This is the Message Centre for Haylle (Nyssabird) ? mg to recovery

I look like a green alien, an american Funkasaurus

Post 1

Haylle (Nyssabird) ? mg to recovery

*listening to Beastie Boys at 8-somethin in the morning*

"Mario C likes to keep it clean" Go white boy! It's your birthday!
*cheesy white person dance*

Had an odd dream that woke me up needing water..got up and mumbled..'water....water..', and stumbled to the kitchen. Now the journey was all of 12 feet, but christ, I've never been so wobbly in my life. Was like ooOOoo! Either I've started my next life as a foal already, or I'm dehydrated to some sick euphoric state...I *did* notice lovely exposure of veinwork when I was undressed in the bathroom earlier. Looks cool! I'm a green earth goddess! *cackles all the way to the grave*

Que mas..que mas.."So butterfly here is your song, and it's sealed with a kiss..." smiley - blushes at Njan....


I look like a green alien, an american Funkasaurus

Post 2

Haylle (Nyssabird) ? mg to recovery

Hmm...I just got a call from a creditor of Ray's...Invariably she asks what happened...Out comes my meek/blunt (is there such a thing?) 'he committed suicide.' I haven't got a call like that for many months. *listens to Bjork's "I've seen it all"..well, I though I have anyway smiley - laugh*

I love you Ray.


I look like a green alien, an american Funkasaurus

Post 3

njan (afh)

~#Your love is thick and it swallowed me whole #~.. having gone through whatever thought processes caused me to want to paste that at you, I had a glance at the lyrics for the song. Strangely, some songs seem to have particular lines which jump out as being noteworthily meaningful, whilst others are simply unobtrusively nice most of the way through.

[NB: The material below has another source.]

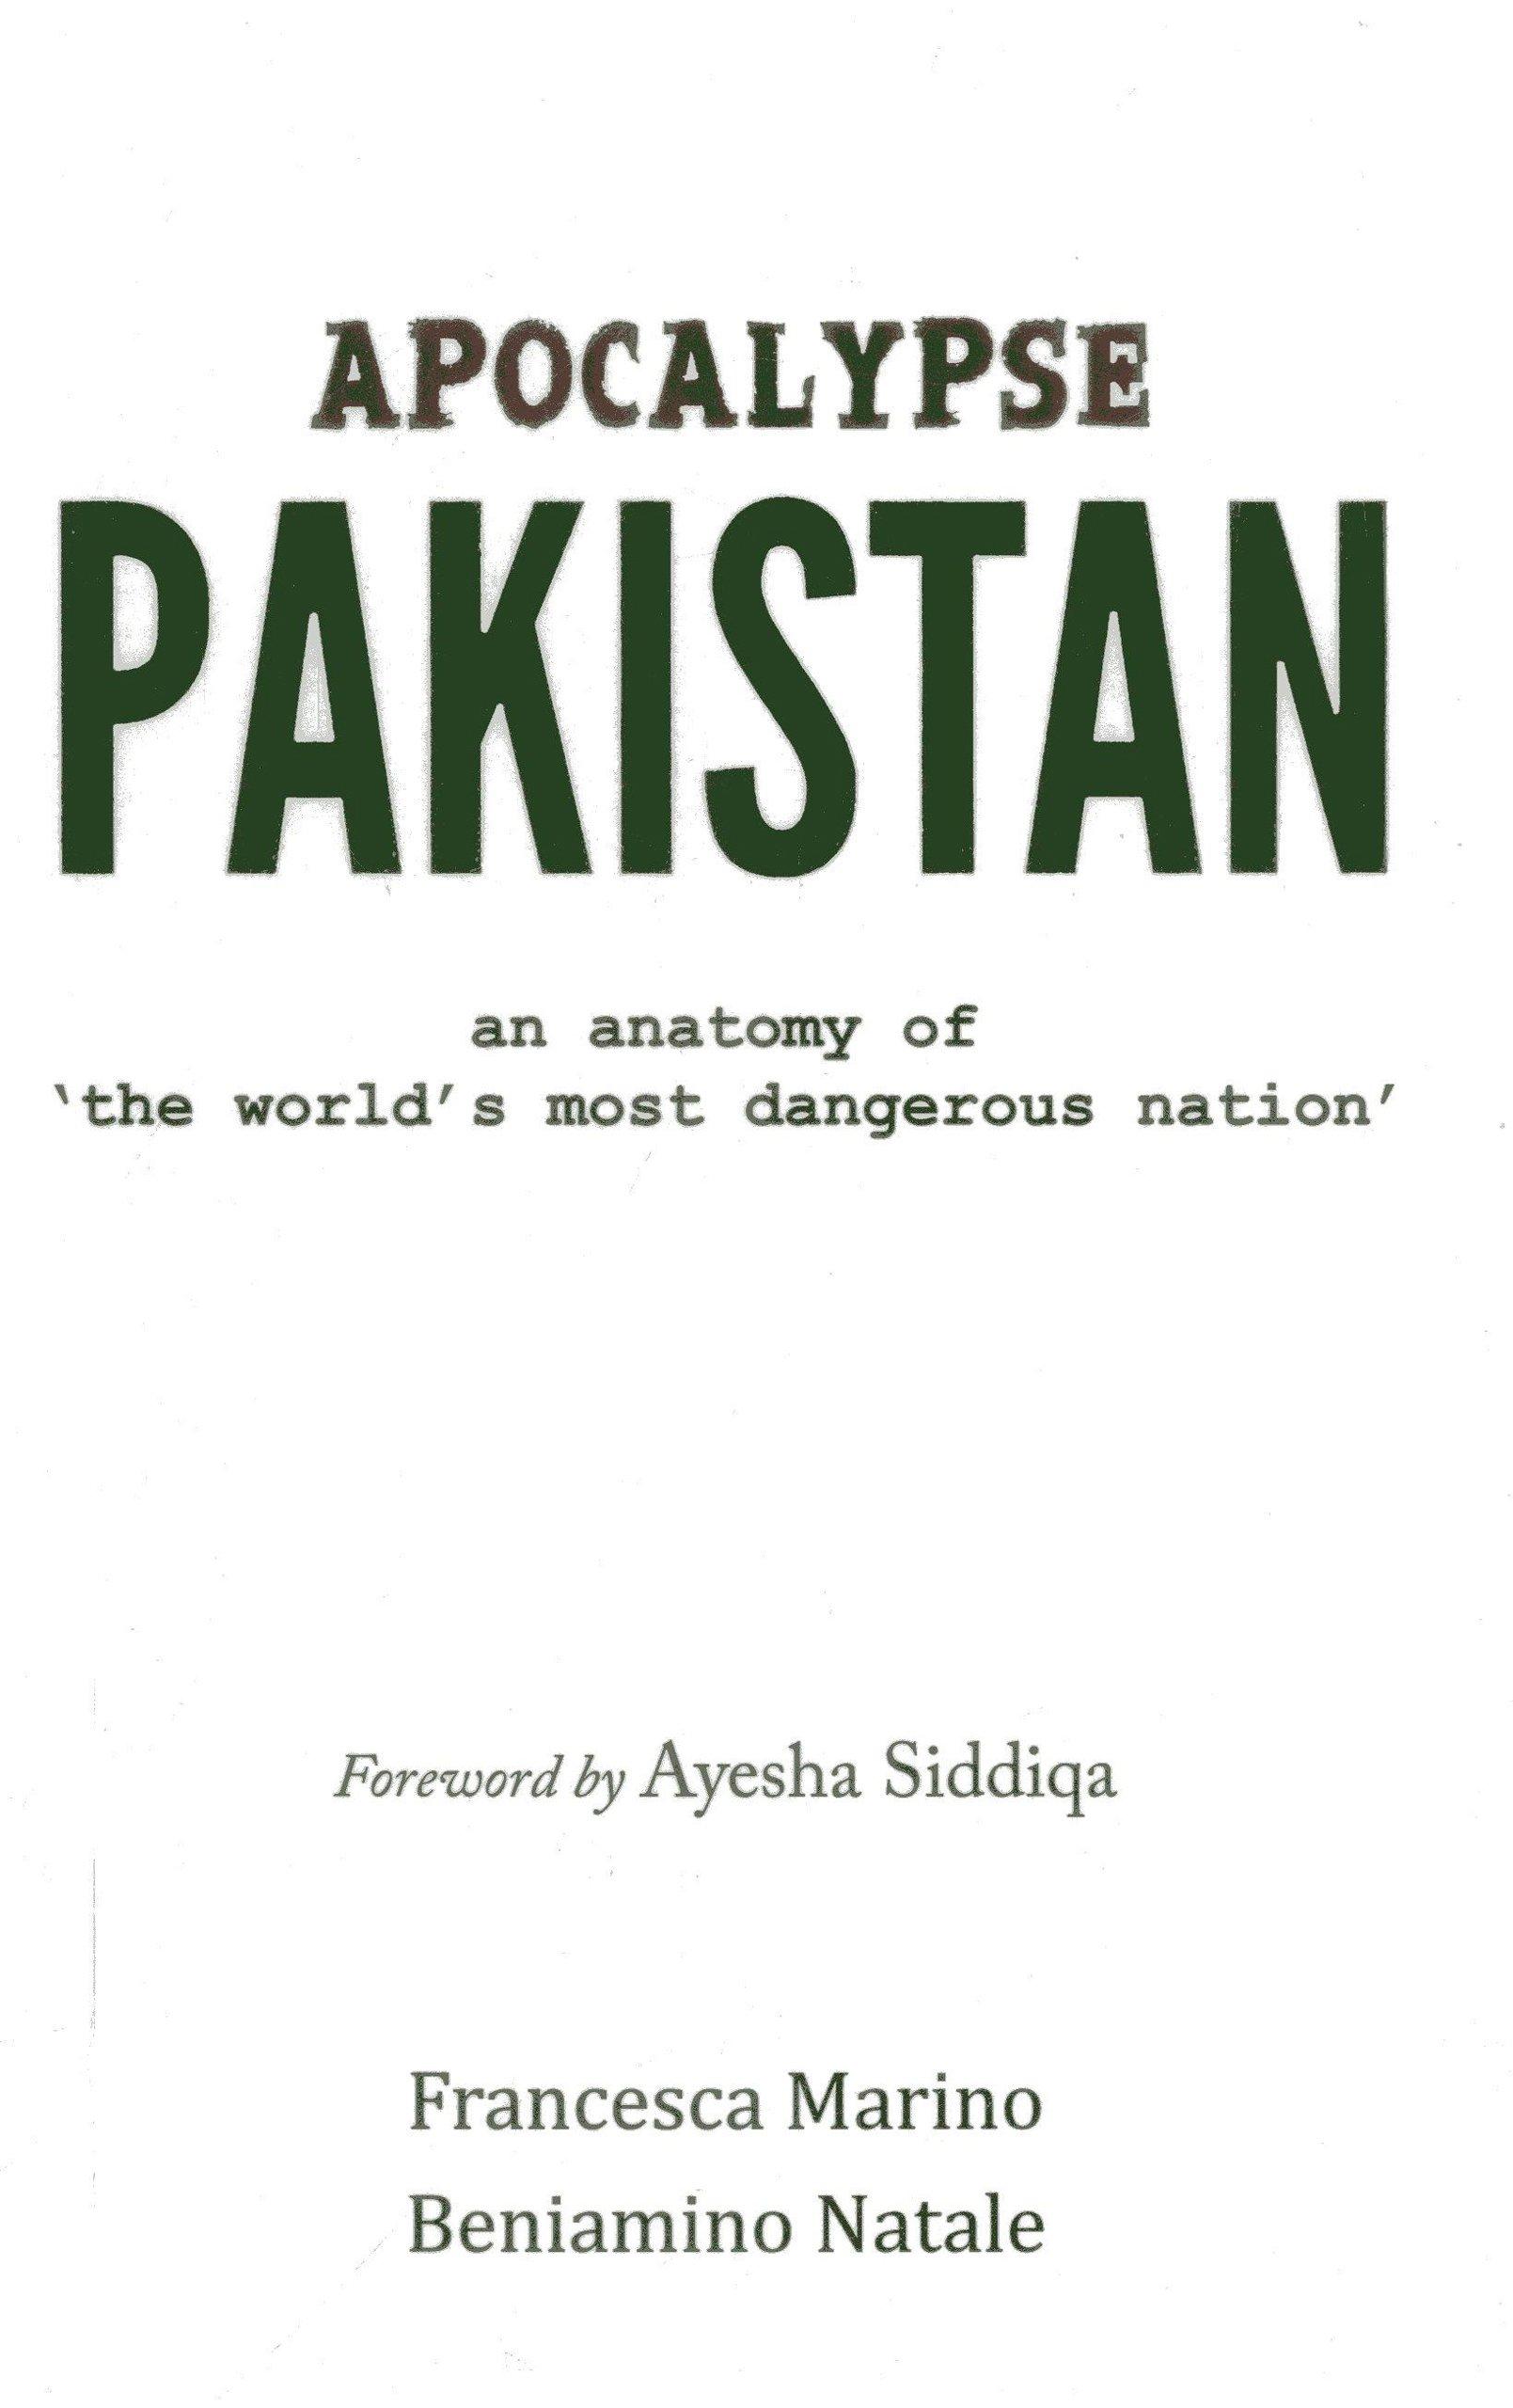 Apocalypse Pakistan: An Anatomy of the World's Most Dangerous Nation
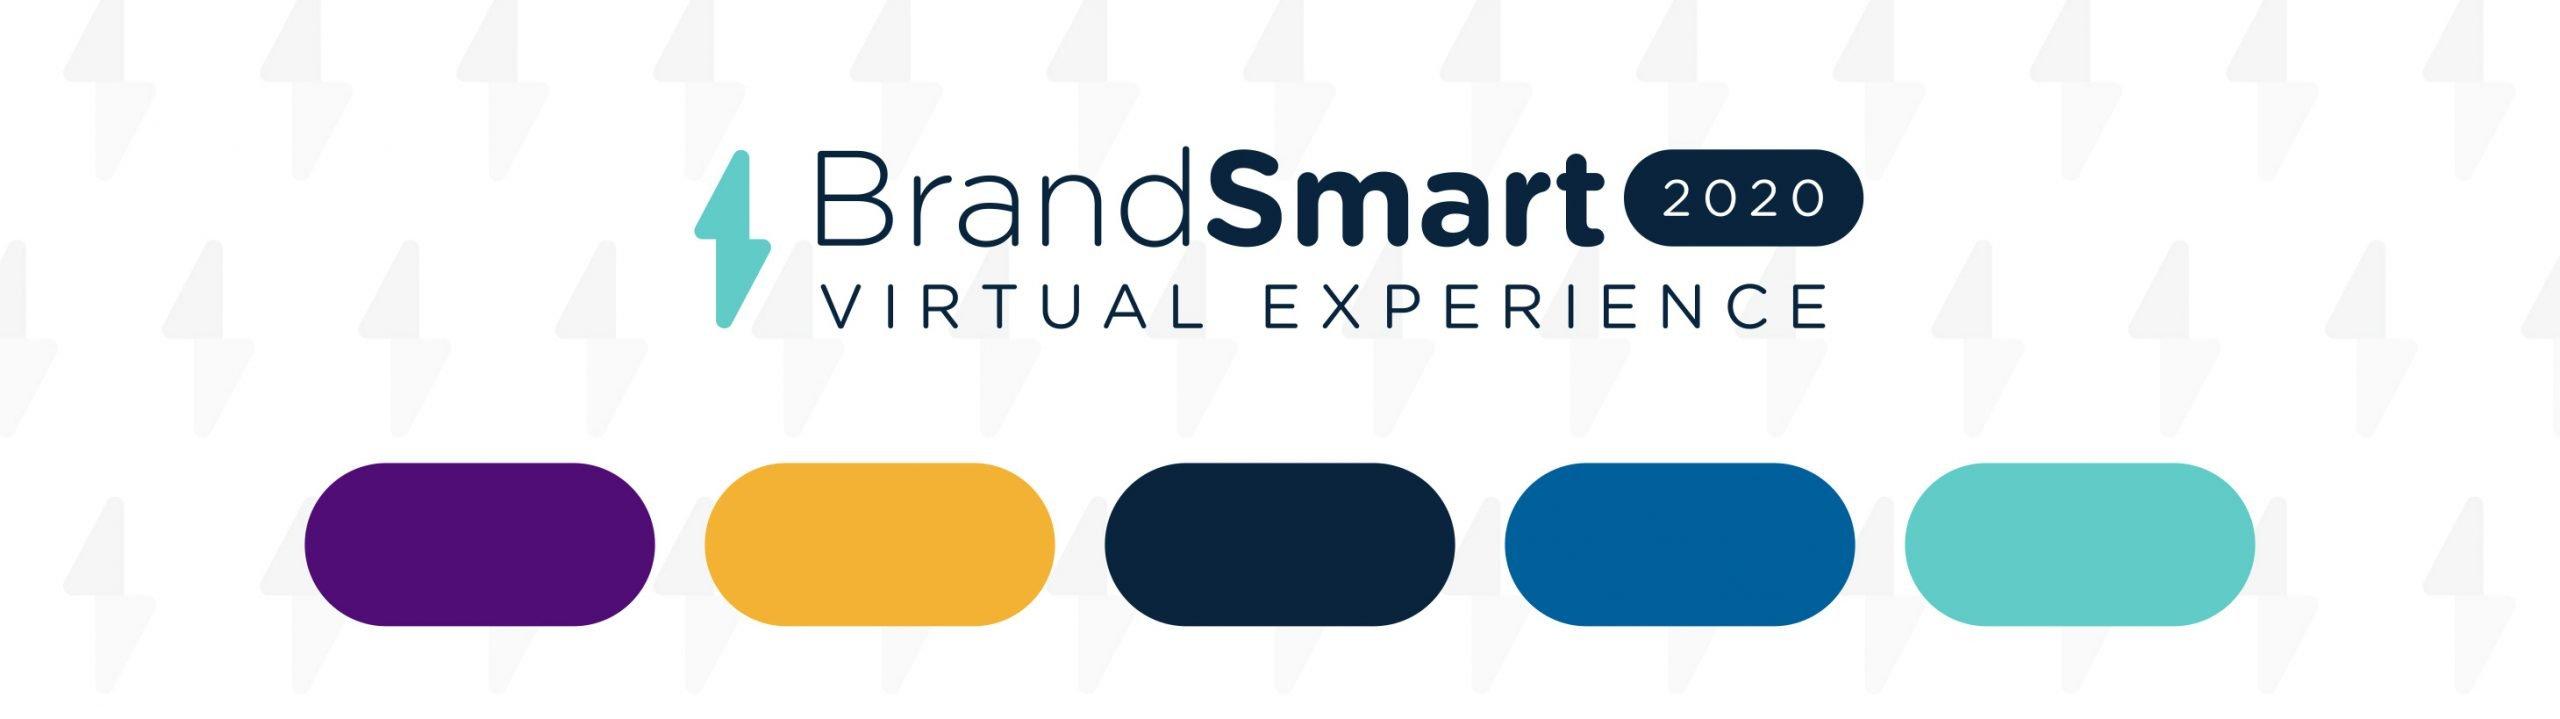 BrandSmart-Identity

Some songs have lyrics which seem either not to make sense at all, or are utterly inappropriate.. aside from one verse. All that grabs my attention, I tend to feel like copying down.. in this case, I moved swiftly off the line I originally decided that I'd type and onto another. And then noticed that I liked the line after that equally much. And the line after that. I swift decided that the best thing to do would in fact be to paste the entire song at you do. But if I did that, twould be but a pointless gesture, and I wouldn't really be saying anything personal at all. Suffice to say that the entirety of that song - and I suppose that this isn't really that surprising, since it was one of your chosen songs - is eminently quotable.

I suppose that it does make sense in the end. Alanis is, after all, god - and if she's god, her word must be gospel. Right? smiley - biggrin.. I think some of your angelicism must have rubbed off on me for my heart not to have exploded in my chest in hearing her voice. Perhaps I'm going too far with the dogma reference.

You've been gone for just a handful of hours, and I find myself pitifully wanting to whine that you've been gone for a lifetime. It's not something I want to do, because much like the futile gesture of covering you with song lyrics, it's a little of a cliché, which I suppose in one way would make my using of the phrase even more justified.. or it might just be taken as cliché anyway. Any way you wish to take it, my heart aches, and I'm unsure why - after all, only a few hours ago, I tried to negate the pangs of loneliness building in my mind by placating your own with a trite sentence or two in which I offered (or maintained offerance of) that which you put claim towards missing, telling you that it wouldn't go away and that therefore you had no reason to miss anything.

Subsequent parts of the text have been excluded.